Private varieties pay
DEMAND was being aided by privately-owned fruit varieties grown exclusively by Freshmax suppliers, or on its own 800 hectares of orchards or leased plantings in Australia and NZ.
"We're continually looking for more supply partners - not necessarily farmers - to help us keep pace with the growing market," he said.
The company had put considerable effort into finding varietal intellectual property which could deliver the "special sweetness and vibrant coloured fruit which appeals to Asian tastes".
"We've been on a long IP journey which has yielded good results in the past three years, but we'll see significantly more growth as those plantings come into maturity," Mr McCallum said.
Aside from Asia, the domestic market has also been healthy contributor to Freshmax's $600 million a year sales, which span a full fruit range from apples and pears, to berries, cherries, grapes, citrus, kiwifruit, avocados and bananas.
In fact, for some time the company has been under pressure to expand its Sydney operations.
Sydney site opens
LAST week Freshmax and Valleyfresh management and founders from both sides of the Tasman were at Marsden Park near Blacktown, to officially open a purpose-built 6500 square metre warehouse, cool storage and retail packaging site.
The facility includes a 480-pallet-capacity zone for fresh produce ripening, 400 pallets of cool room capacity, and pre-packing facilities for berry punnets through to three-kilogram citrus packs.
Valleyfresh general manager, Simon Powell, said apart from being twice as big as current facilities at Homebush, the new site was close to major supermarket retail distribution centres, including near neighbour, Aldi, and had ample floor space to efficiently move produce and run pre-packing lines.
Until recent years Valleyfresh had primarily focused on sourcing imports for sale to domestic consumers.
Now its Asian sales have become a significant business in their own right.
Freshmax Group, founded in NZ in 1995 before moving its base to Australia a decade later, has emerged as one of the southern hemisphere's biggest fresh produce marketing and distribution operations.
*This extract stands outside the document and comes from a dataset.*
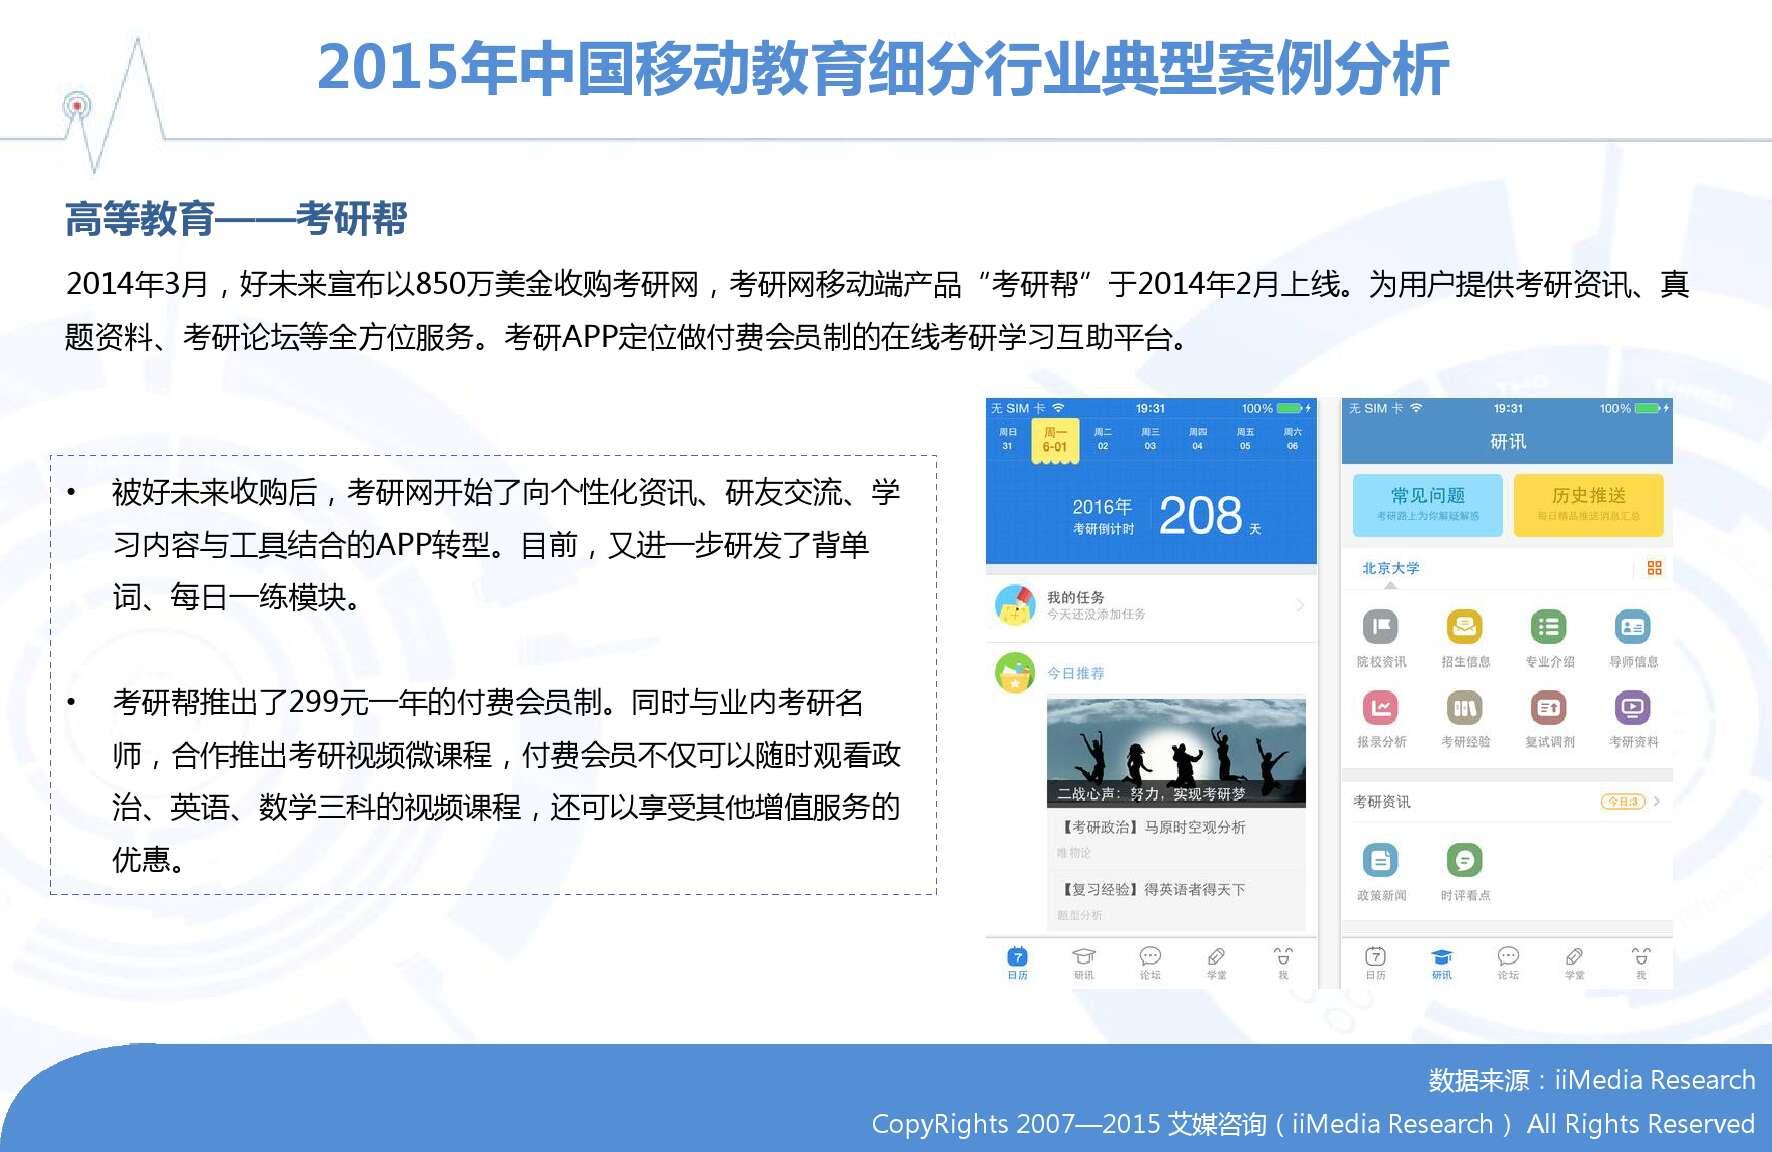 2015-2016年中国移动教育市场研究报告_000030

It operates a diverse stable of businesses including Brisbane's Deluca Banana Marketing, five wholesale produce markets in NZ, and the Crasborn orchard and post harvest business which makes it NZ's third biggest apple grower.
The group handles more than 36m boxes of fresh produce annually and boasts commercial relationships across 87 countries.
Mr McCallum said Freshmax also placed considerable pride in its IP subsidiary, Innovar, founded in 2014 and now known globally for its experience in commercialising new varieties in multiple fruit categories.
"Innovar is enabling us to build the company's future business base with the exclusive, high yielding lines you find consumers increasingly attracted to in any supermarket these days," he said.
Sourced from public and private horticultural research bodies in Europe, the US, Israel, South America and locally, Innovar's IP investments have produced new age apple and pear brands Honey belle, Angleys, Kanzi, Mahana Red, Kiku, Modi, Crimson Snow, and Piqa Boo.
The company has also heavily invested in summerfruit, berry and citrus brands, including Starletta, Lani, Munch'n, kiwiberry, Provedo, Sumo Citrus Tangold and Gold Nugget.